Task details: Write the data below out exactly as it stands. Do not include the pictures.

Given material:
--- START ---
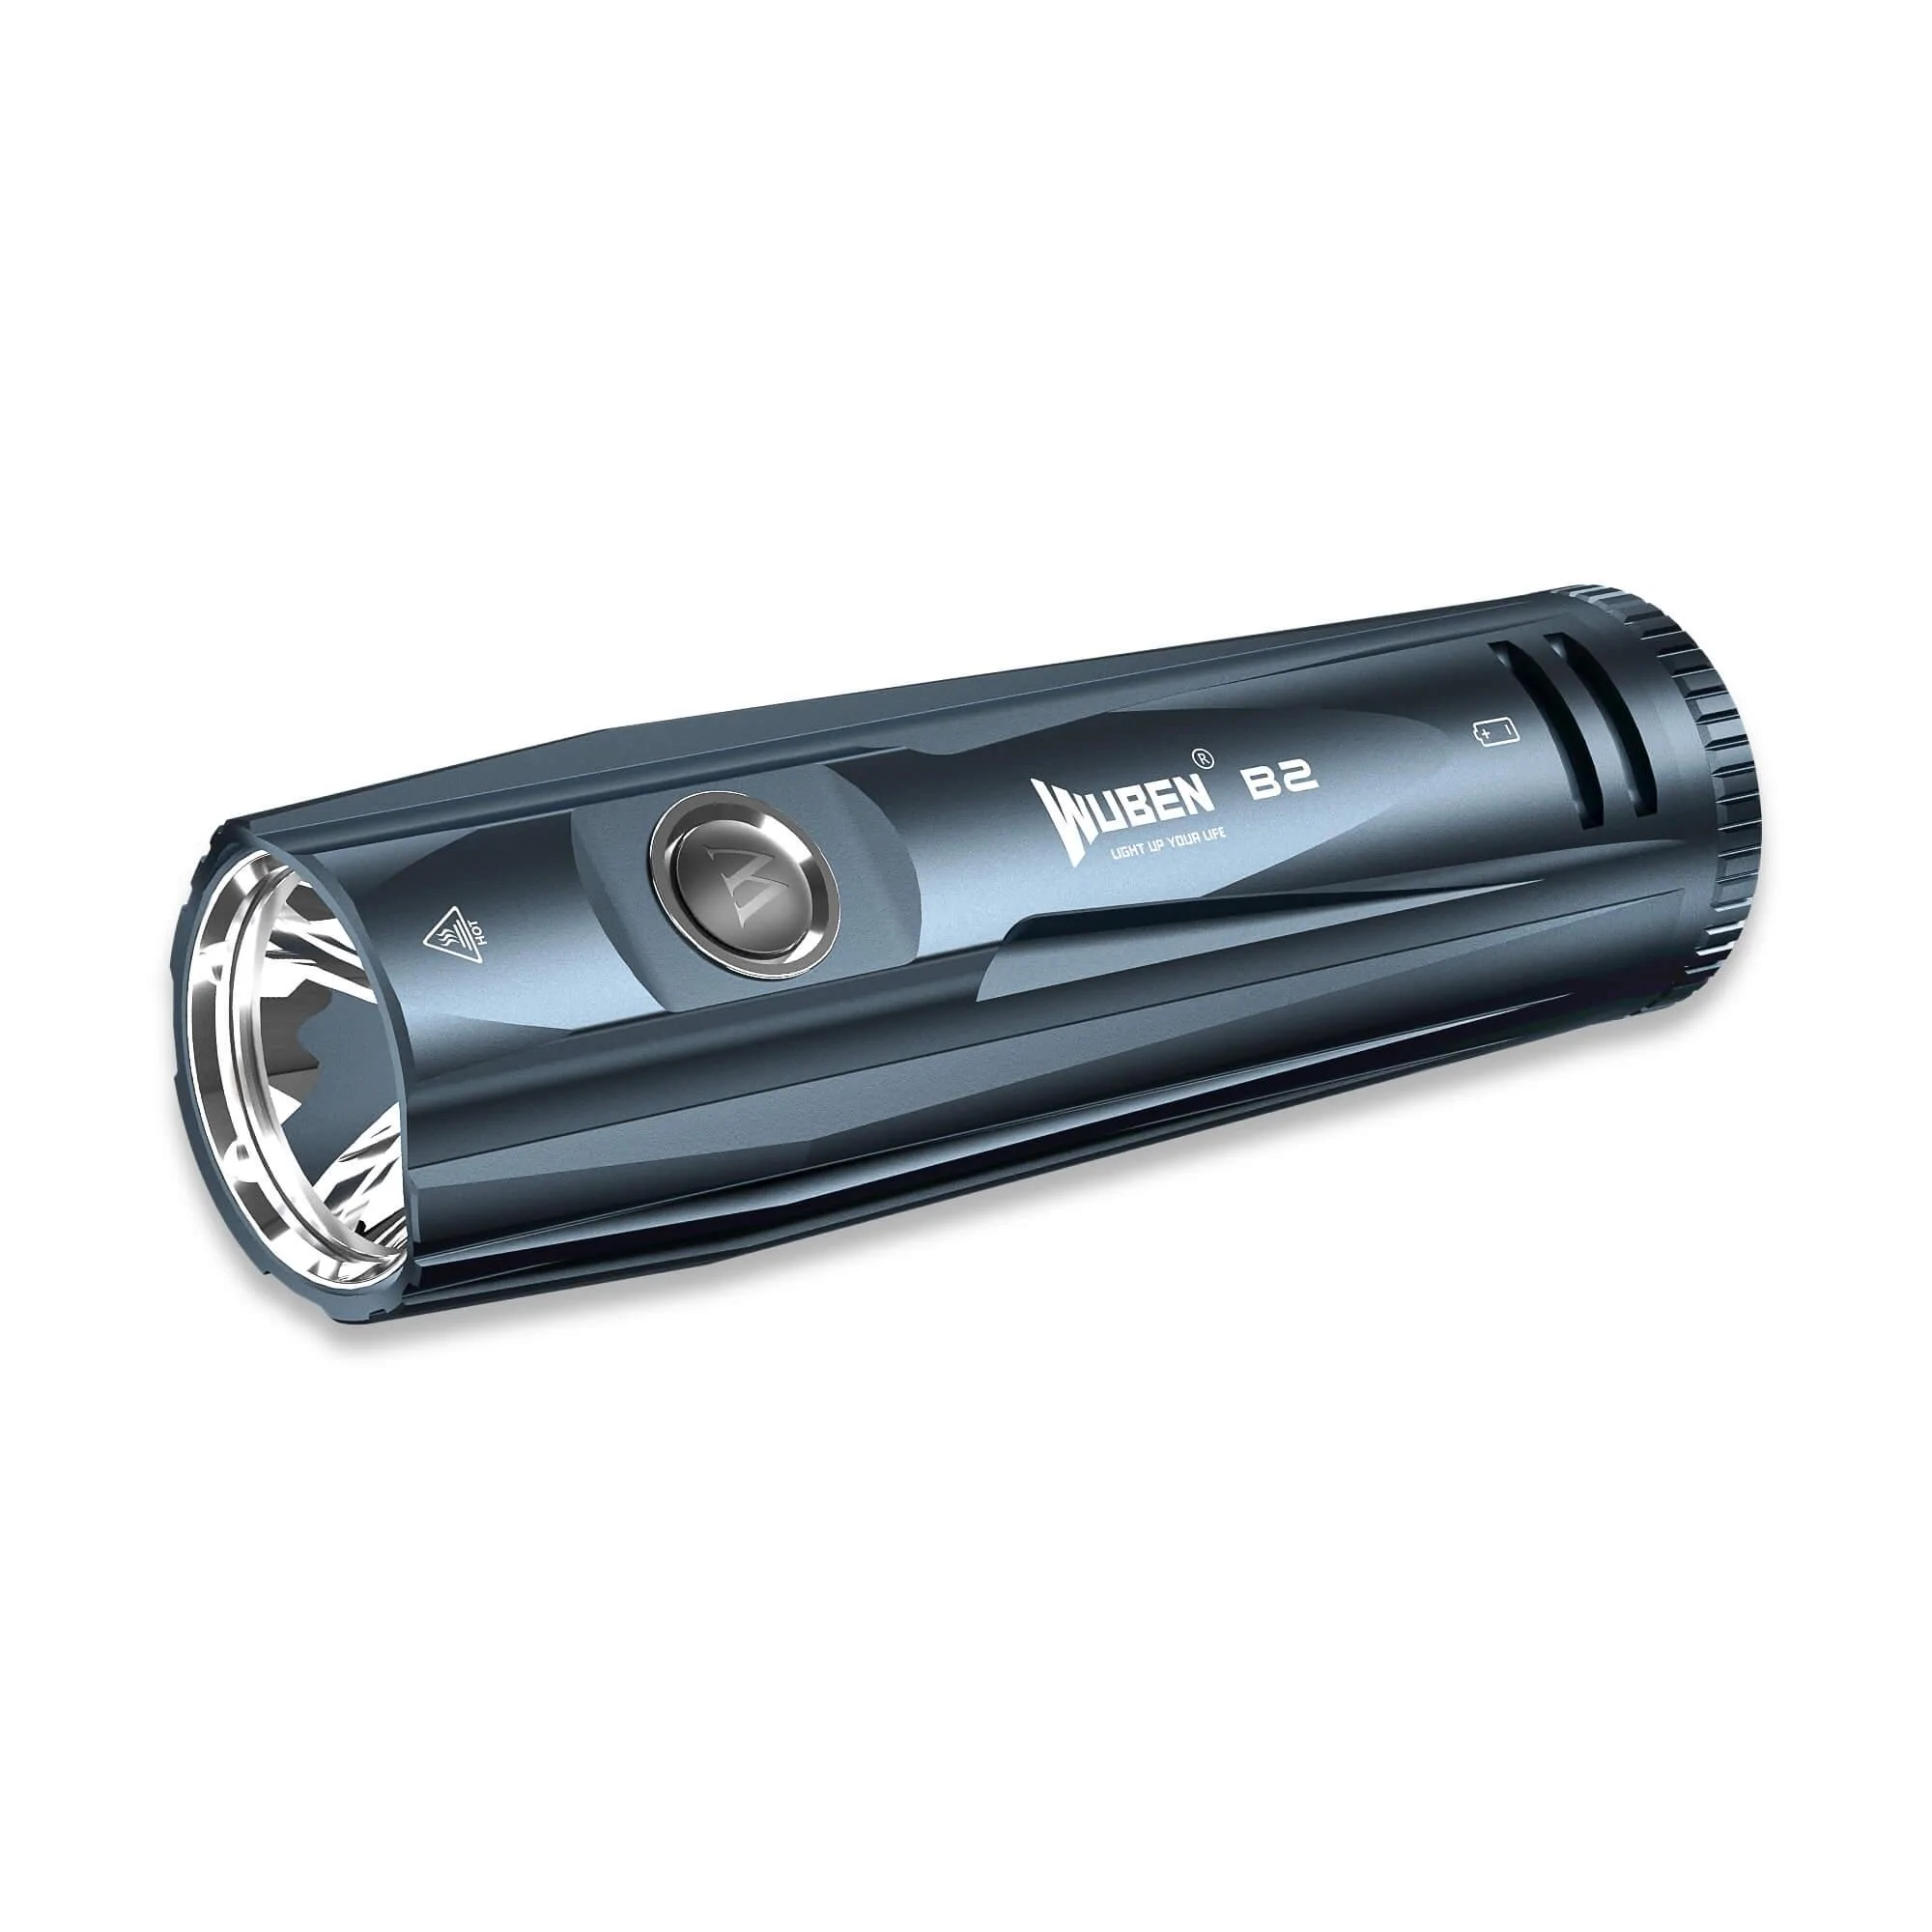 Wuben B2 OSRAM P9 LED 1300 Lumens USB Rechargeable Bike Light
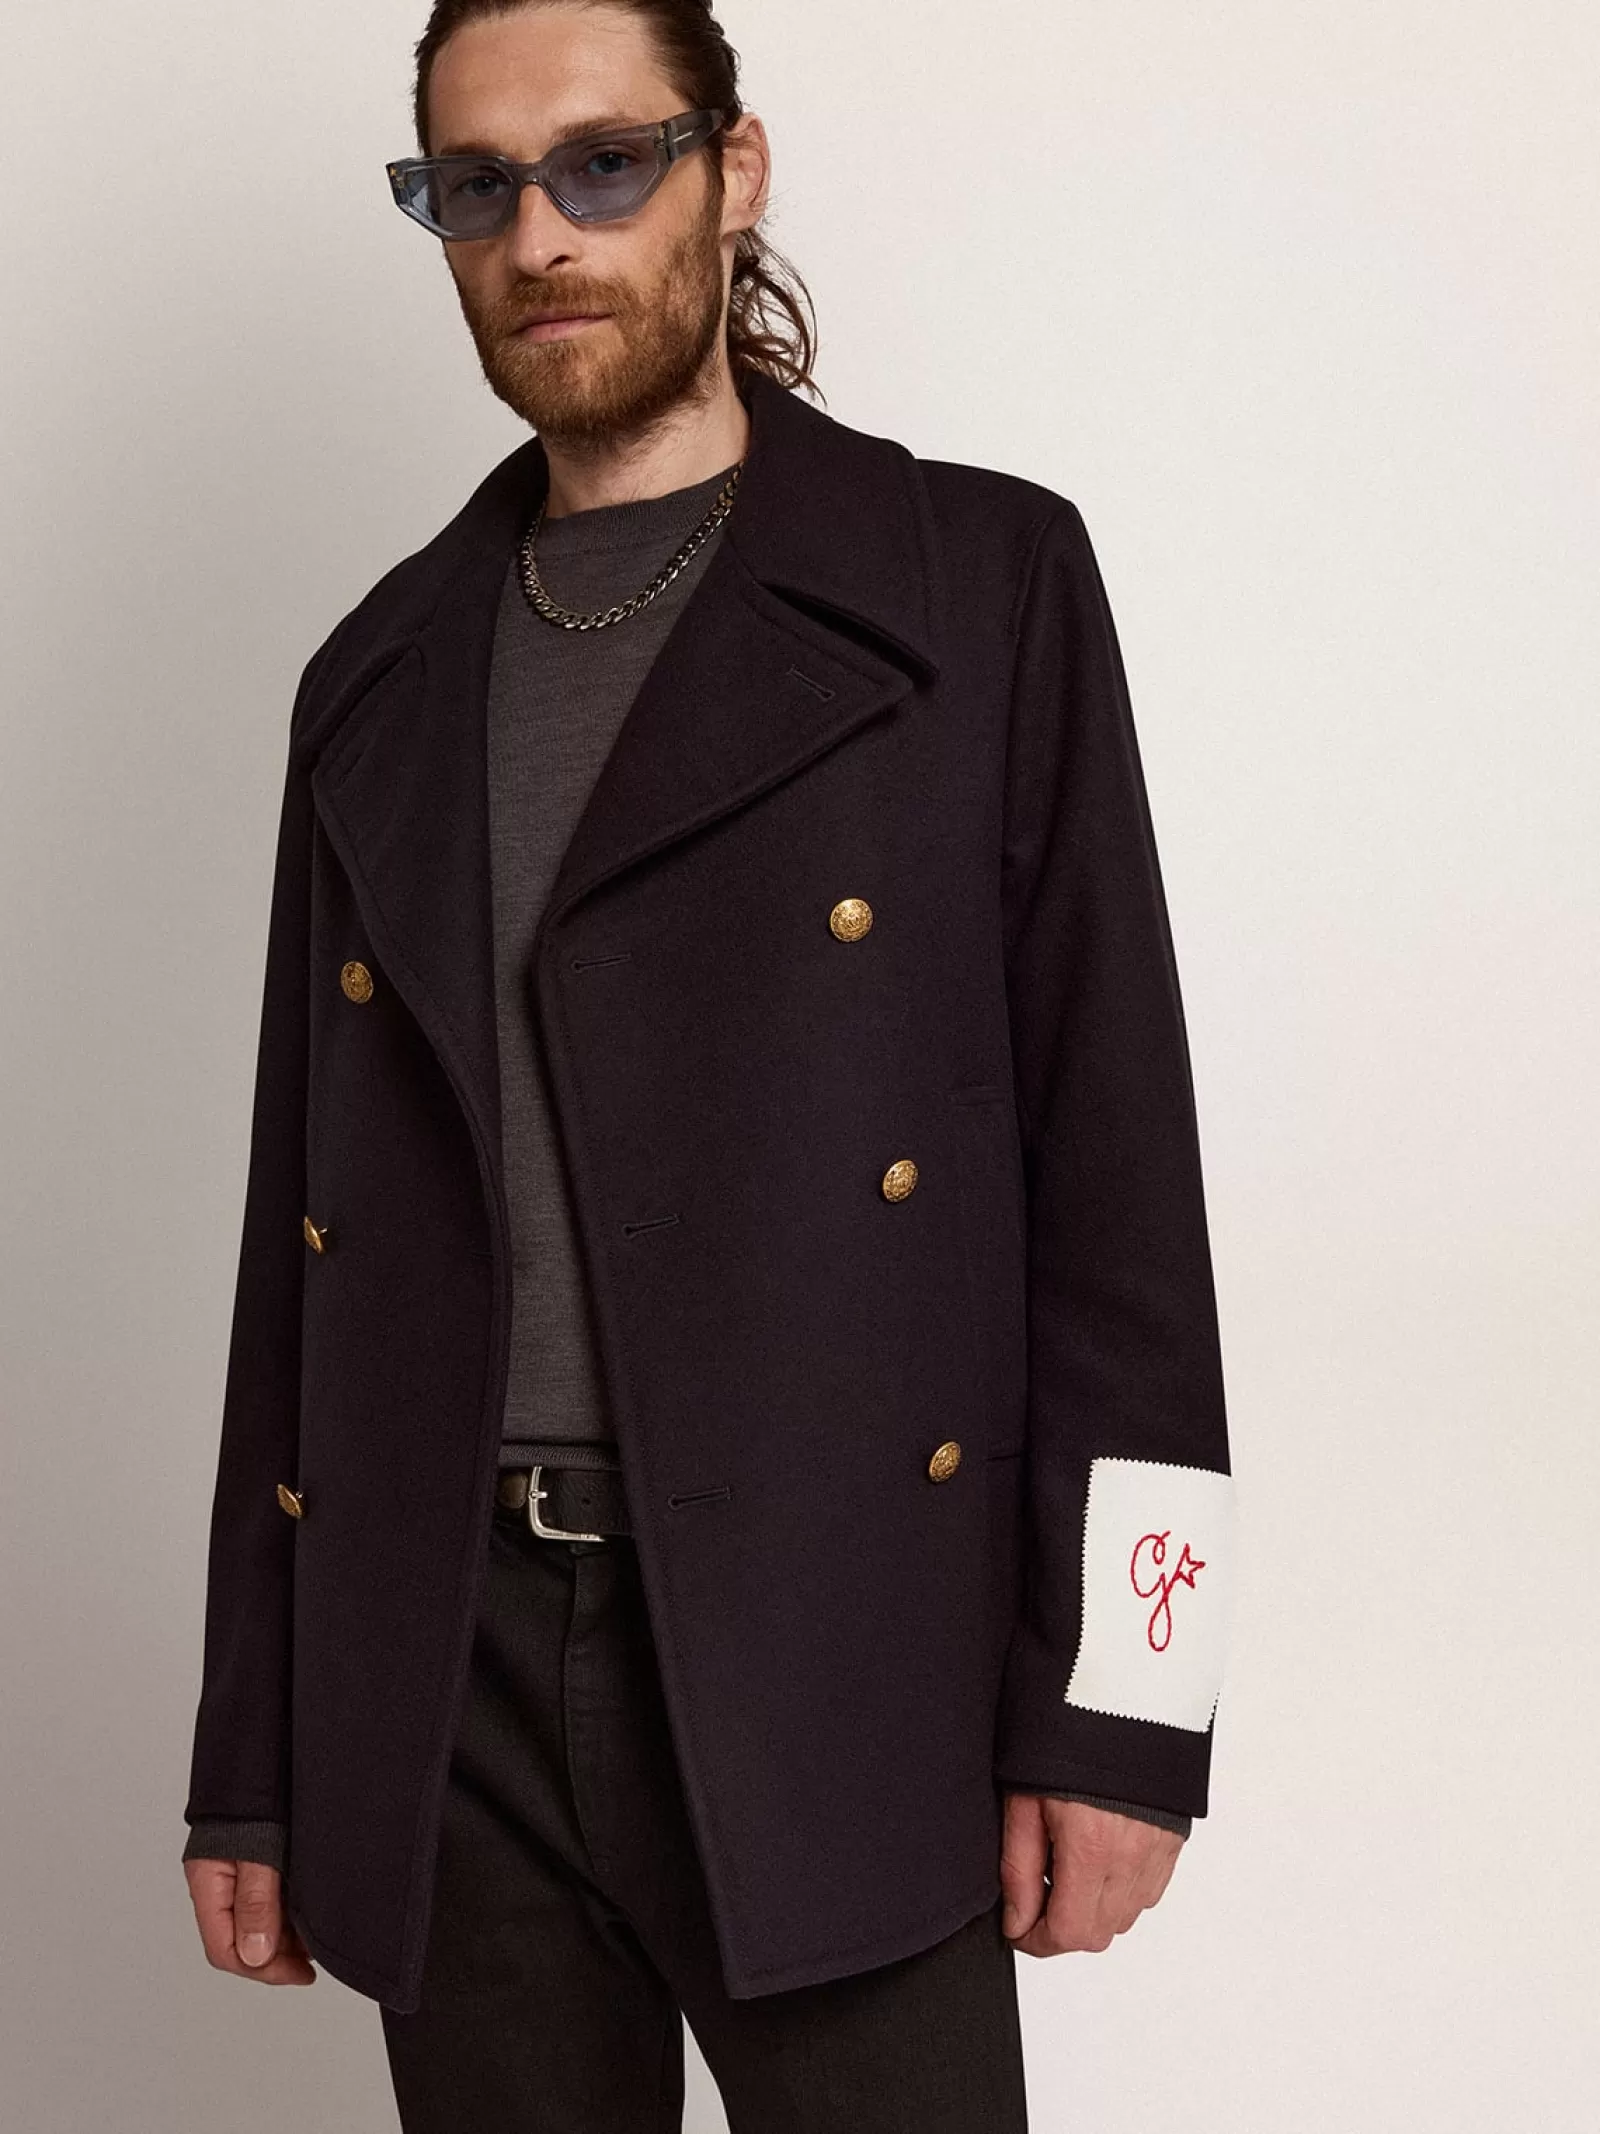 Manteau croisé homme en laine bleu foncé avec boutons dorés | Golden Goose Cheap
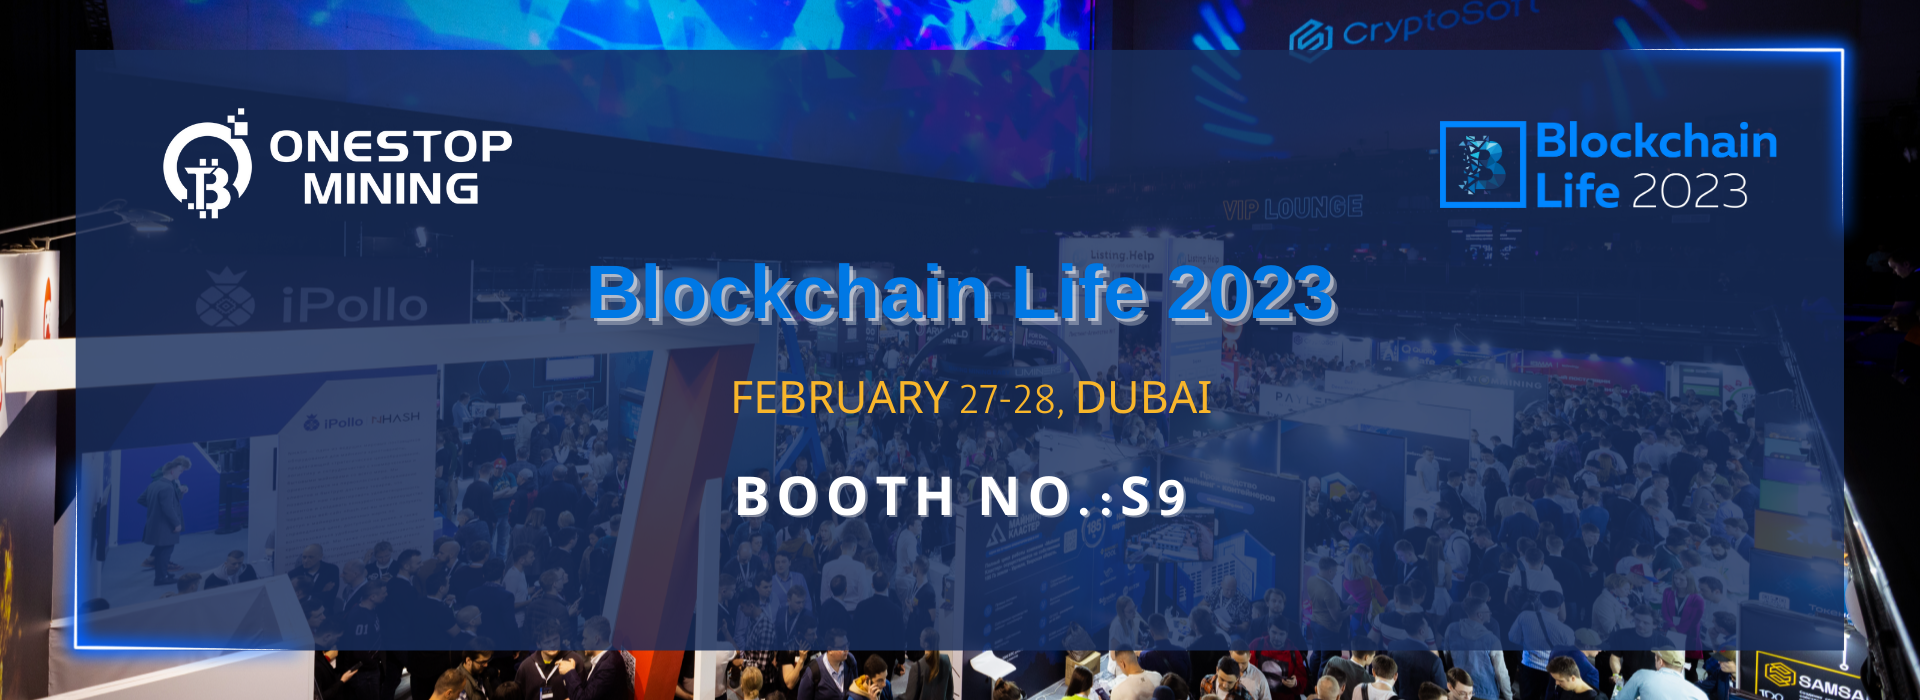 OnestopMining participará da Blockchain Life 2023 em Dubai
--- END ---
Task response:
 Wuben B2 OSRAM P9 LED 1300 Lumens USB Rechargeable Bike Light
 Manteau croisé homme en laine bleu foncé avec boutons dorés | Golden Goose Cheap
 OnestopMining participará da Blockchain Life 2023 em Dubai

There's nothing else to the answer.